Saturday, January 30, 2010

The Wages of Prosperity

Those who care wonder how the United States ended up as a militarized security state. Logic dictates that as soon as the Soviet Union fell, the rationale for our bloated defense establishment was no more and we should have seen a massive demobilization, especially in the wake of the Vietnam debacle. But instead, our military has spread like a cancerous growth across the face of the earth.

This growth has not caused much of a ripple because the Pentagon has, in effect, gone underground with its all-volunteer army and private contractors. Without mandatory military service funneling young men into the military, the military does not cause as much of a stir on Main Street as it once did, nor do unpopular and unnecessary wars generate the same level of passion and protest as Vietnam.

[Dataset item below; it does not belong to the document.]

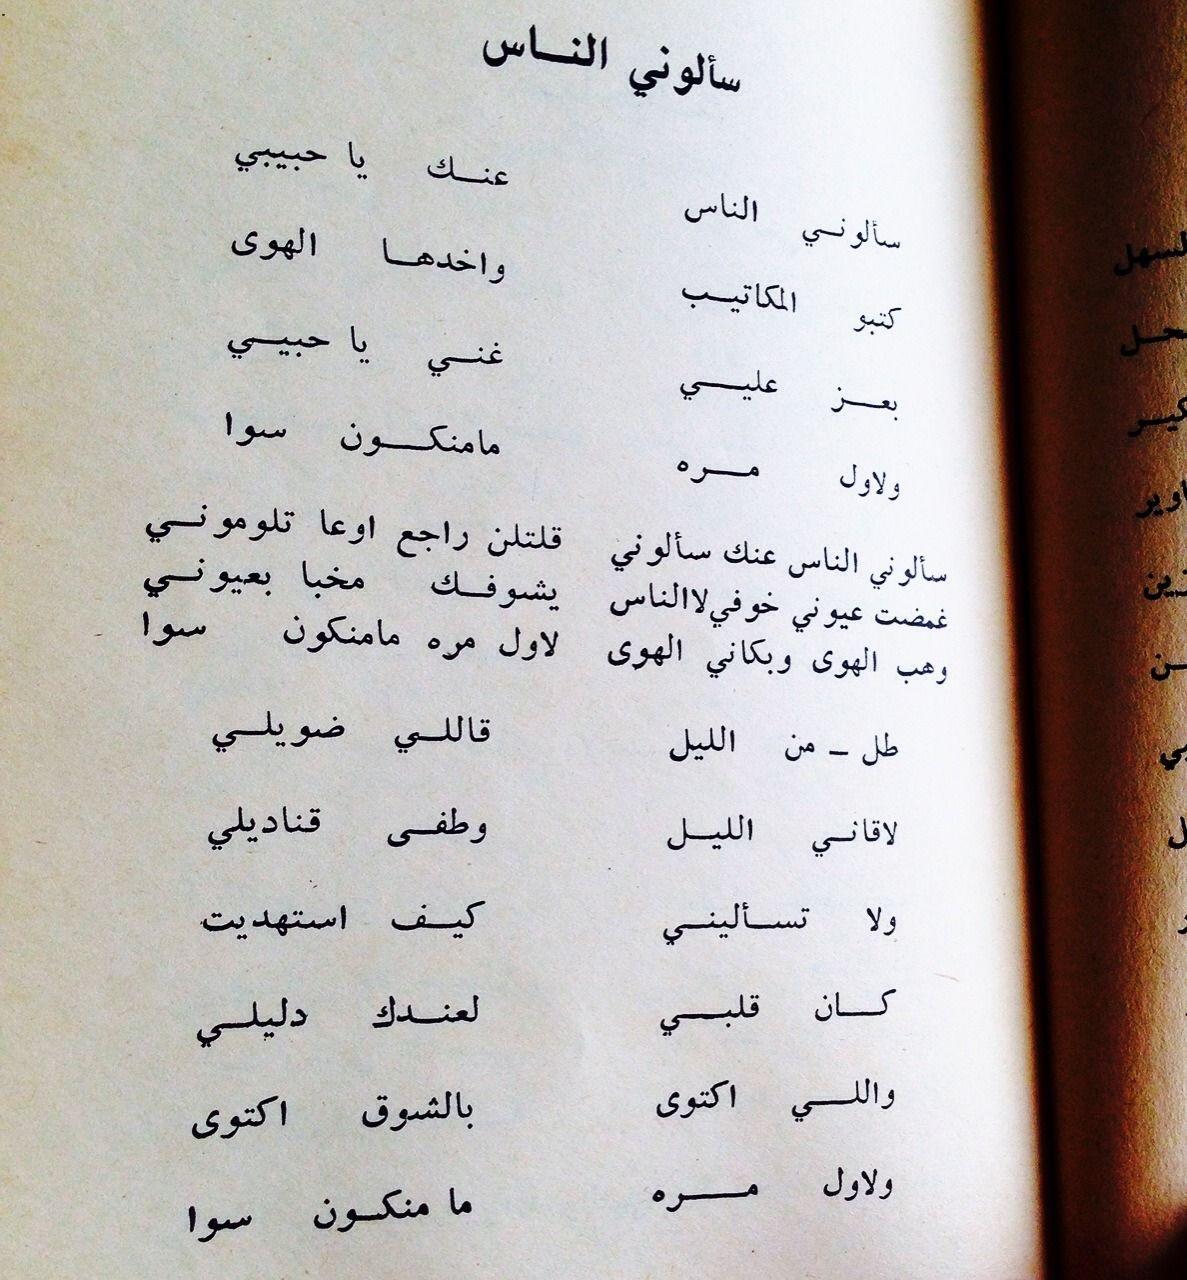 فيروز  سألوني الناس | فيروزيات | Arabic quotes, Arabic words

Many reasons have be put forth to explain this, and all of them contain an element of truth. However, there is one factor that has been overlooked.

A bloated military establishment is a product of prosperity. As long as I have a good paying job and the benefits I feel entitled to are not touched I will tolerate such an establishment, especially since our colonial wars carry all the impact of a video game.

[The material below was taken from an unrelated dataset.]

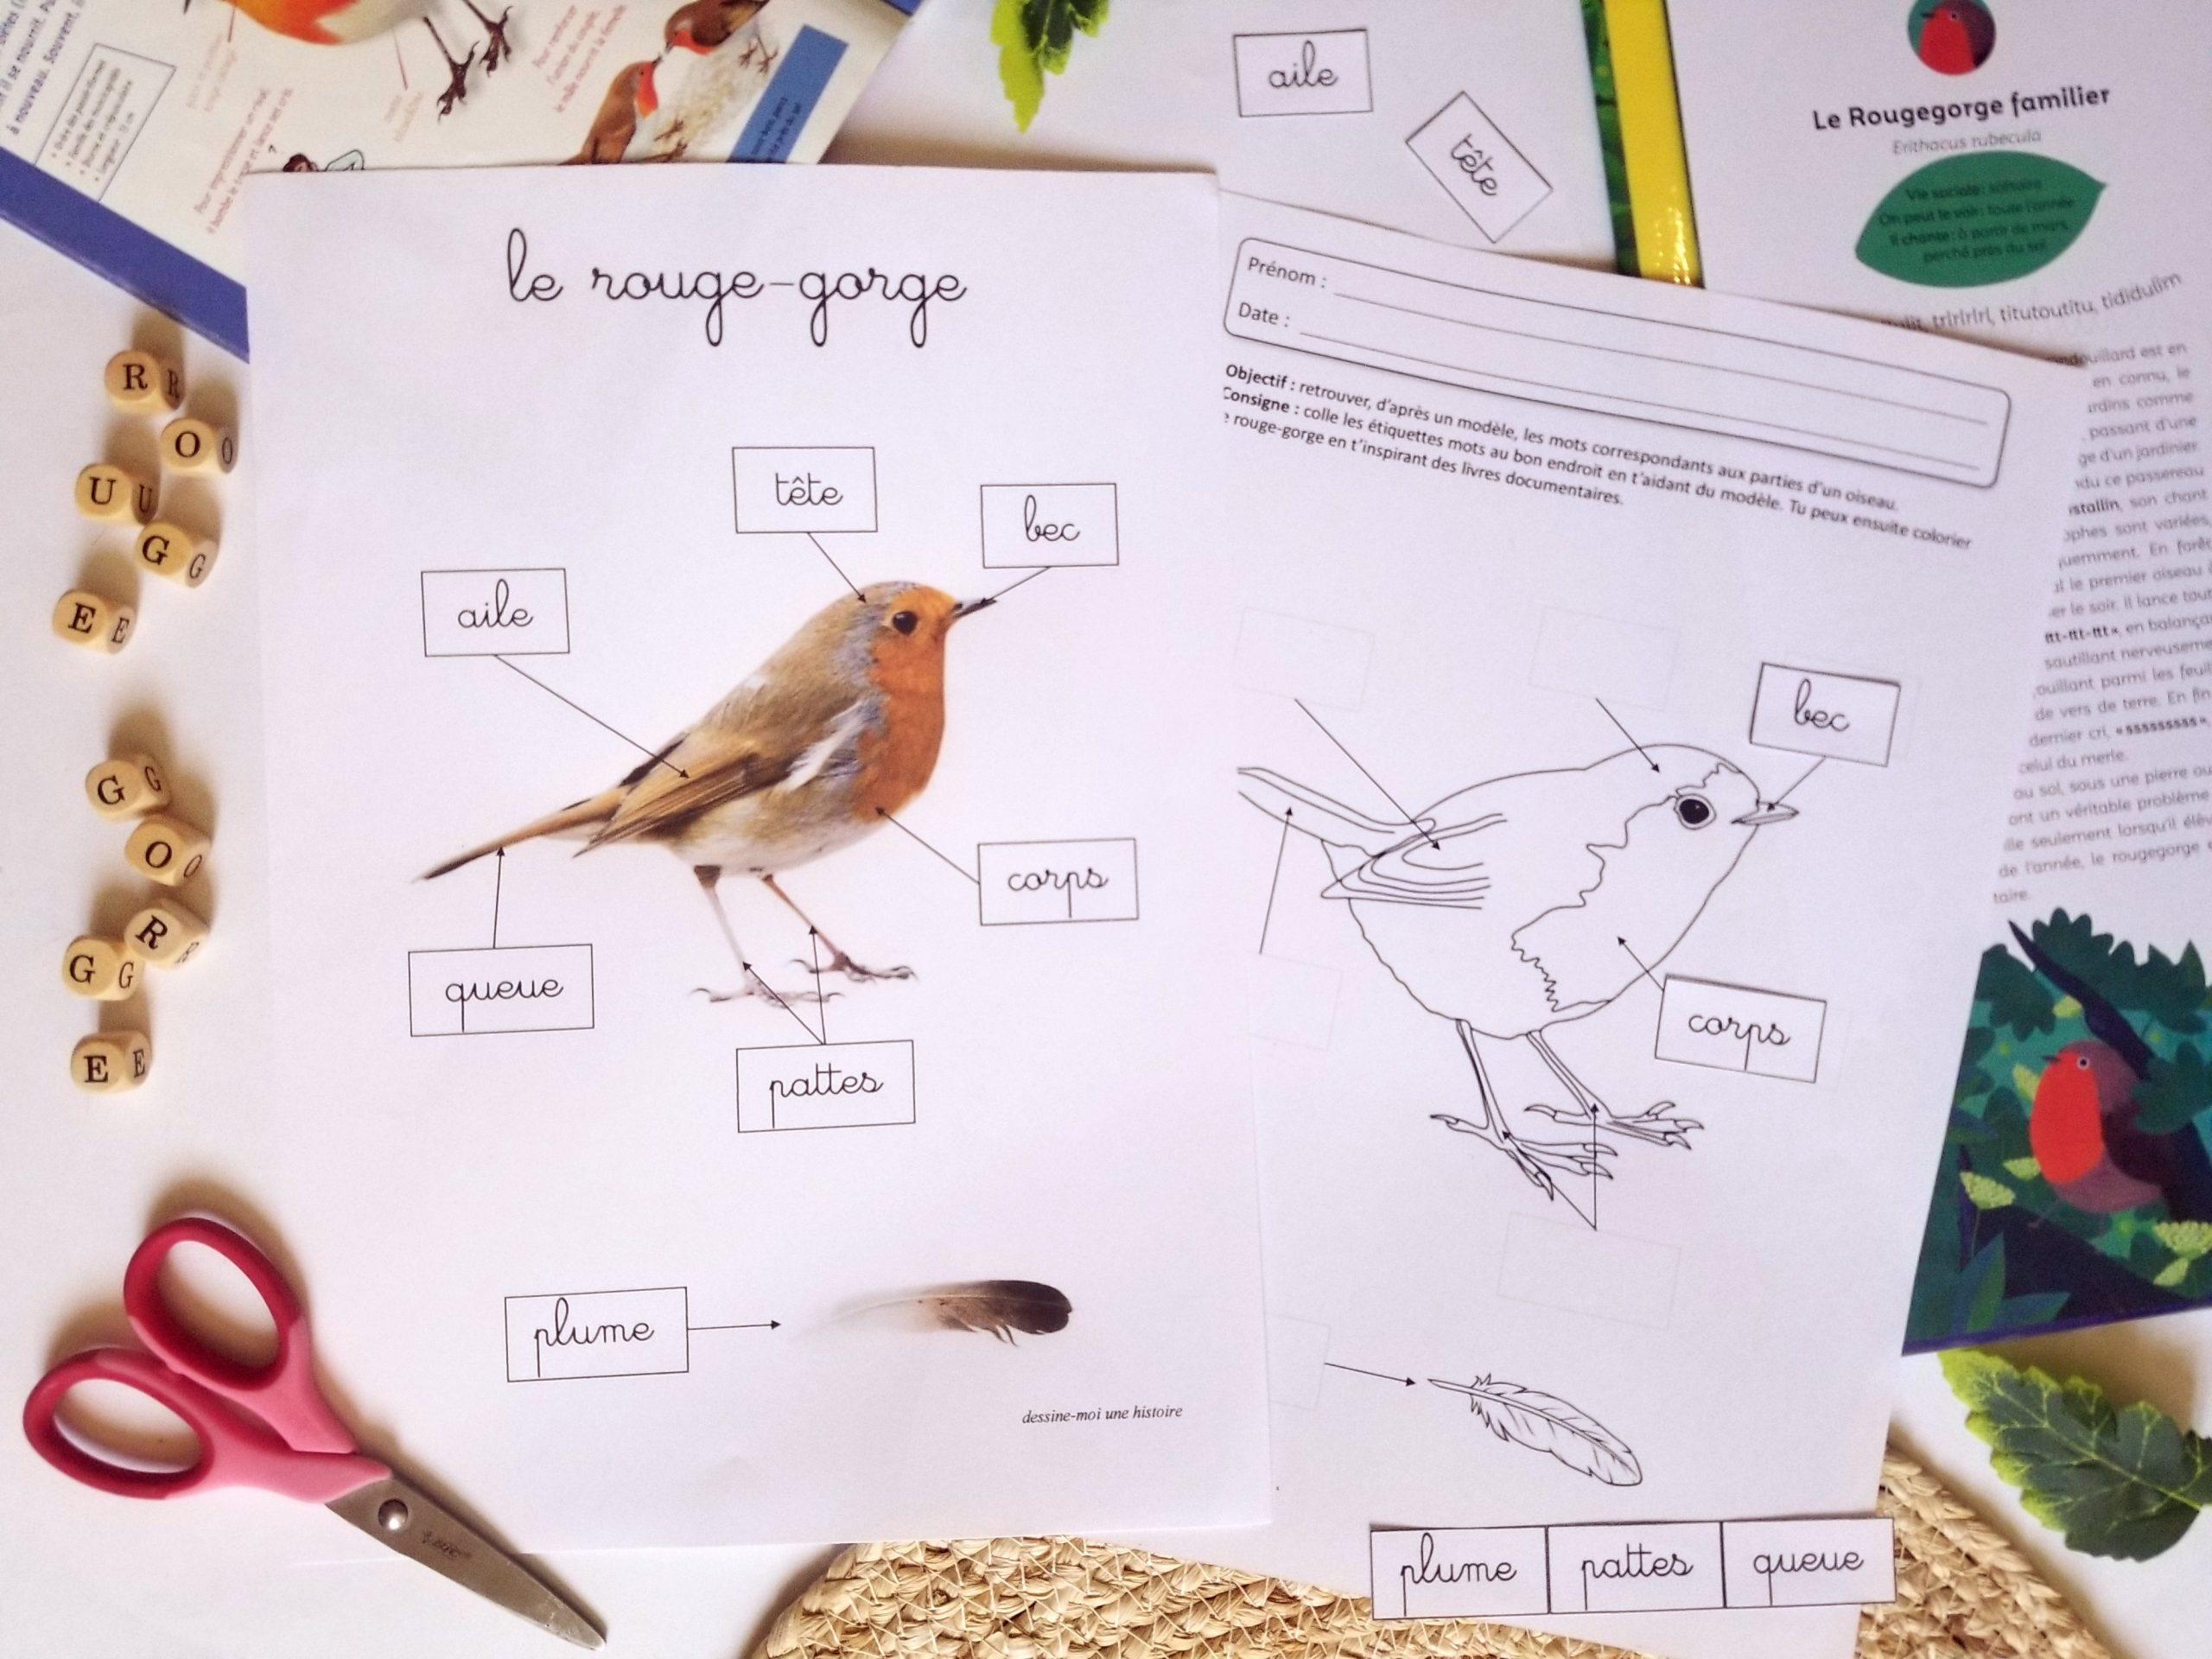 activité maternelle oiseau rouge-gorge, fiches pédagogiques sur les oiseaux

But, what will happen with the money begins to dry up, when states face bankruptcy and services are cut?

What happens when jobs and homes are lost?

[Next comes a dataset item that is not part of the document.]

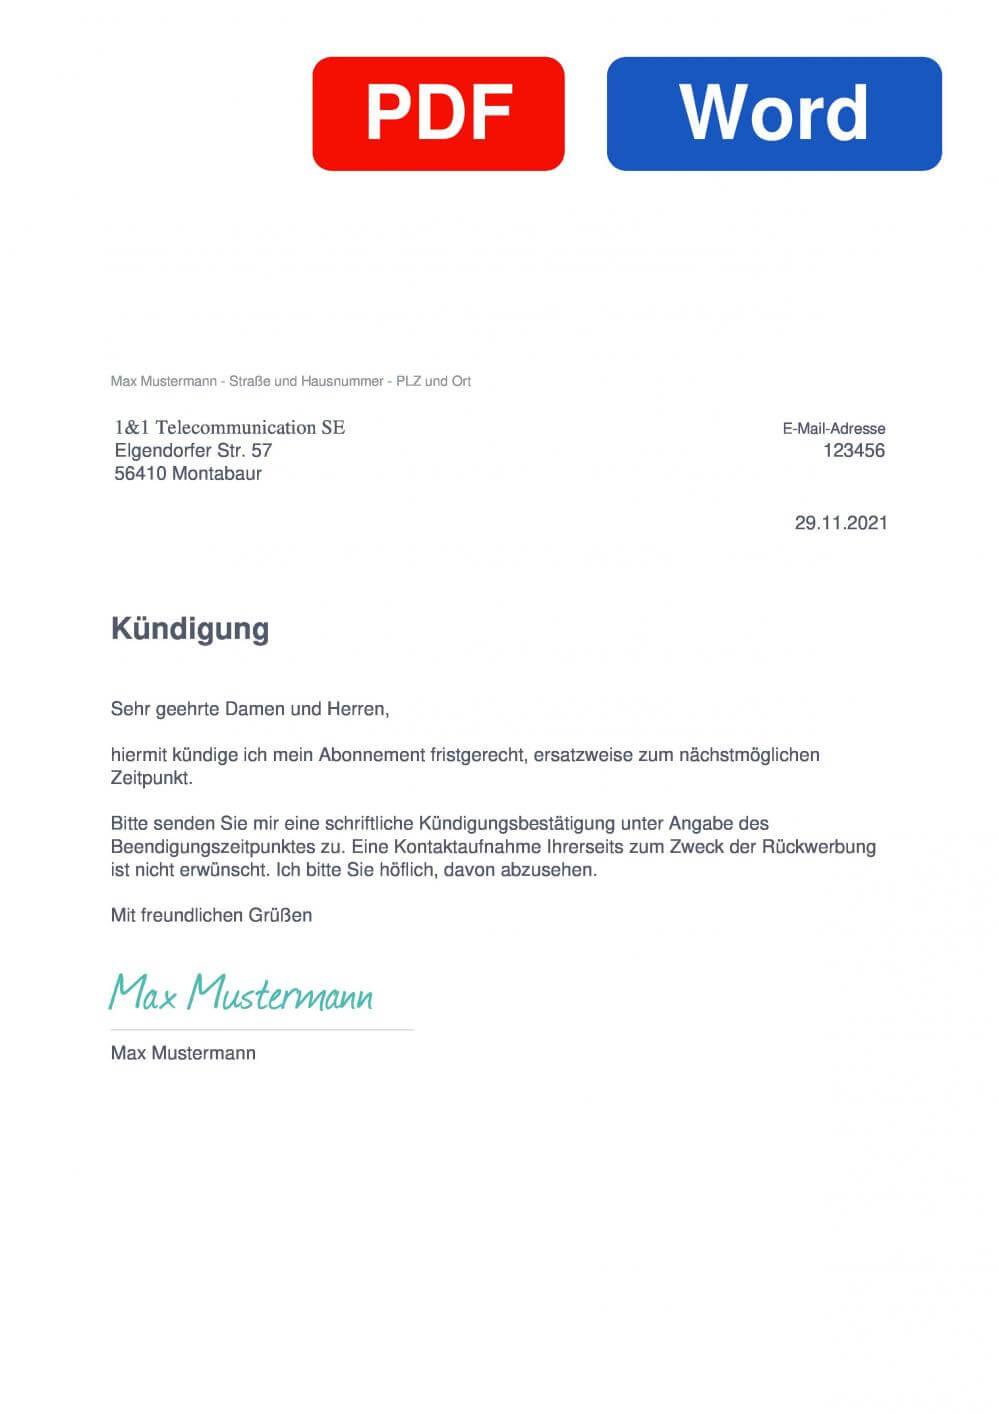 WEB.DE Deezer Muster Vorlage für Kündigungsschreiben

What happens when our military-industrial complex is finally recognized for what it is: an expensive bauble we can no longer afford?

What happens when the public finally realizes that the Pentagon is little more than the world’s largest pork barrel?

Is it possible that the public will finally ask why in the hell we are spending $57,000 a minute on Afghanistan when schools are being shuttered and the ranks of the unemployed swell?

Of course, it’s a sad commentary on our society that when the public finally turns against the military it will be for economic reasons. It never occurs to anyone that the bombing of women and children just to keep our military-industrial complex solvent is morally abhorrent.

But then, if you give a boy a toy he just has to play with it.

5 comments:

Anonymous said...
This comment has been removed by a blog administrator.
Anonymous said...

Frankly speaking

William said...

Case, no one would deny that the military industrial complex is a pork barrel. That's been known since about the fifties, but was probably true long before that. The fact is nobody's done anything about it because all our representatives have become accustomed to the pork barrel benefits that derive from that endeavor. As long as humanity can be bought, nothing is going to change.
You continually criticize the government for its failures as if they were somehow different from the rest of us. They aren't. There membership is drawn from our numbers. If you don't like what you see in Washington the only thing you can do is look in the mirror. You see, Case, we use the wrong language. We conjure up terms like fat cats, politicians, crooks, lawyers as if that had some meaning. It doesn't. The real problem is the "we the people" are not fit to live in a large society. Our behaviors work well in small groups, but once we get beyond a few hundred those same behaviors start getting subverted by our own greed, our own self serving behaviors.
The solution is for humanity to get off its collective dead ass and create the next step in planetary species development. The human genome project needs to figure out what is required for our survival into the future and replace us. Mother Nature is just too glacial to consider as a solution to the problem.
In case you haven't noticed, we are way too prolific. We either create a better zipper or accept the fact that we're going to have to resort to triage. We use our resources to extend our life spans when what we should be doing is ensuring that our children carry forth the best of our heritage and are not burdened by our excesses.
All of which leads me to my real point. This "recession", another man made corruption of the truth, is, in fact, man made. What we are experiencing is simply more of the same. What we are experiencing is the biggest transfer of wealth from the poor to the rich we have ever seen. Where do you think our wealth has gone? Where do you think that $30K devaluation of your home went? It didn't just go poof! It went into your neighbor's pocket. While you were busy cutting and pasting words from your thesaurus in grandiose fashion to try to explain how corrupt our government is, your neighbor was picking you pocket and devaluing your home, investments, saving accounts and everything else that smells of money including the lives of your children. The elimination of the draft was a ploy. The replacement scheme is to eliminate jobs so that your children will "have" to go into the service if they don't want to sit home and listen to your tirades about our corrupt government. The "new draft" is "no jobs". The military industrial complex now has an endless source of young men and women to sacrifice to the Gods of Greed, your Congressman.
The only solution is to take a long hard look in that mirror and decide whether you really deserve that 60" flat-screen TV, or that new car in your driveway. The choice is between satisfying your wants for the very lives of your children. Bill Hardy

Ivan Hentschel said...

For as far back as I can dig into history, the amazing constant is that governments can always afford to pay for war, but they can never seem to afford to pay for peace.

Suzan said...

Nope.

And Ivan, it seems to me that governments can pay for anything that makes someone in power money.

Peace doesn't pay their bills.

S

Is it possible that the public will finally ask why in the hell we are spending $57,000 a minute on Afghanistan when schools are being shuttered and the ranks of the unemployed swell?